In [None]:
# 1_数据描述分析.ipynb
import numpy as np
import matplotlib.pyplot as plt
from utils import BatteryDataLoader, StatisticalAnalyzer

# 1. 加载数据
folder_path = "data/Battery Data Set/1. BatteryAgingARC-FY08Q4"
lifetimes, initial_capacities = BatteryDataLoader.extract_lifetimes_from_folder(folder_path)

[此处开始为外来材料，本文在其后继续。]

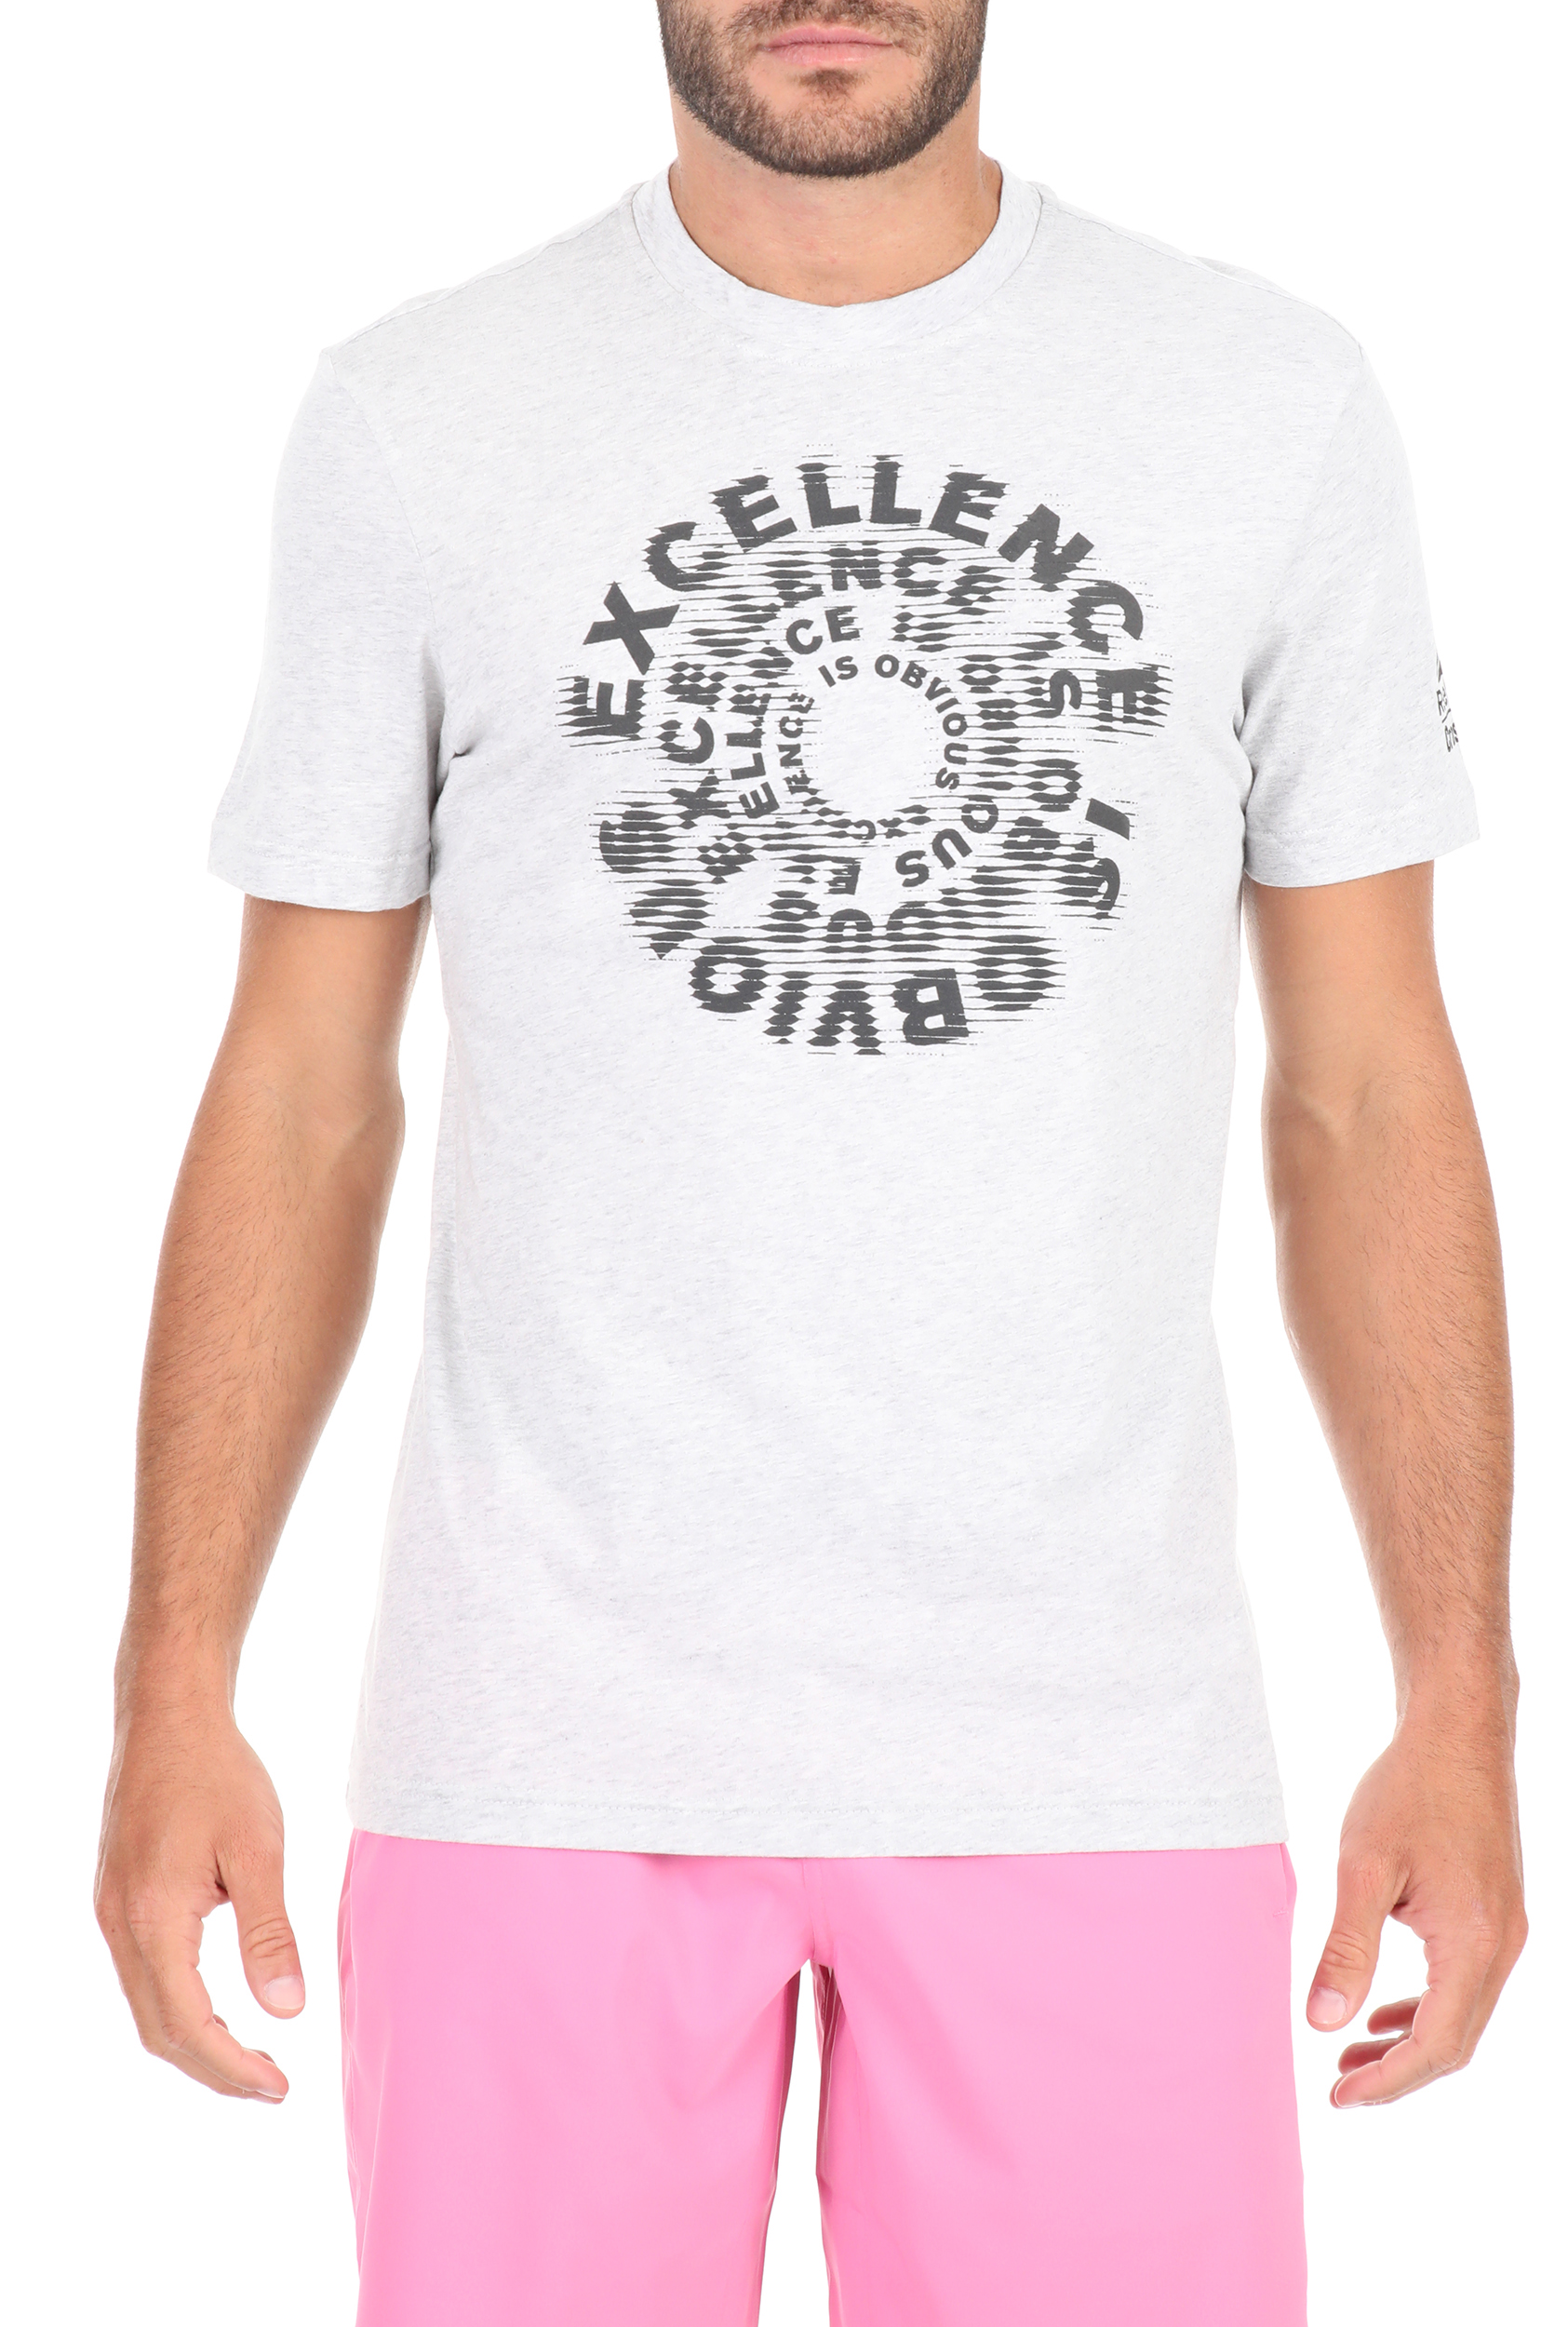 Ανδρικά/Ρούχα/Μπλούζες/Κοντομάνικες Reebok Classics - Ανδρικό αθλητικό t-shirt Reebok Classics Excellence is Obvious λευκό

print("=== 电池寿命描述性统计 ===")
print(f"样本数量: {len(lifetimes)}")
print(f"平均寿命: {np.mean(lifetimes):.1f} 次循环")
print(f"寿命标准差: {np.std(lifetimes):.1f}")
print(f"最小寿命: {np.min(lifetimes)} 次循环")
print(f"最大寿命: {np.max(lifetimes)} 次循环")
print(f"中位数: {np.median(lifetimes)} 次循环")


In [None]:

# 2. 绘制直方图
plt.figure(figsize=(12, 5))

plt.subplot(1, 2, 1)
plt.hist(lifetimes, bins=15, edgecolor='black', alpha=0.7)
plt.xlabel('电池寿命（循环次数）', fontsize=12)
plt.ylabel('频数', fontsize=12)
plt.title('电池寿命分布直方图', fontsize=14)
plt.grid(True, alpha=0.3)


In [None]:

# 3. 箱线图
plt.subplot(1, 2, 2)
plt.boxplot(lifetimes, vert=False)
plt.xlabel('电池寿命（循环次数）', fontsize=12)
plt.title('电池寿命箱线图', fontsize=14)
plt.grid(True, alpha=0.3)

plt.tight_layout()
plt.savefig('寿命分布.png', dpi=300, bbox_inches='tight')
plt.show()


In [None]:

# 4. 初始容量分析
print("\n=== 初始容量分析 ===")
capacity_threshold = 1.0  # 假设标称容量为1.0Ah

# 模拟初始不良品（容量低于阈值）
defective_mask = initial_capacities < capacity_threshold
defective_rate = np.mean(defective_mask)

print(f"初始容量平均值: {np.mean(initial_capacities):.3f} Ah")
print(f"初始容量标准差: {np.std(initial_capacities):.3f} Ah")
print(f"模拟初始不良品率: {defective_rate:.3%}")
print(f"不良品数量: {np.sum(defective_mask)} / {len(defective_mask)}")


In [None]:

# 5. 定义随机事件
print("\n=== 随机事件定义 ===")
threshold_life = 500  # 设定寿命阈值
event_B = lifetimes < threshold_life
print(f"事件A（初始不良品）: P(A) = {defective_rate:.3%}")
print(f"事件B（寿命<{threshold_life}次）: P(B) = {np.mean(event_B):.3%}")

# 保存结果
results_part1 = {
    'lifetimes': lifetimes,
    'initial_capacities': initial_capacities,
    'defective_rate': defective_rate,
    'event_B_prob': np.mean(event_B)
}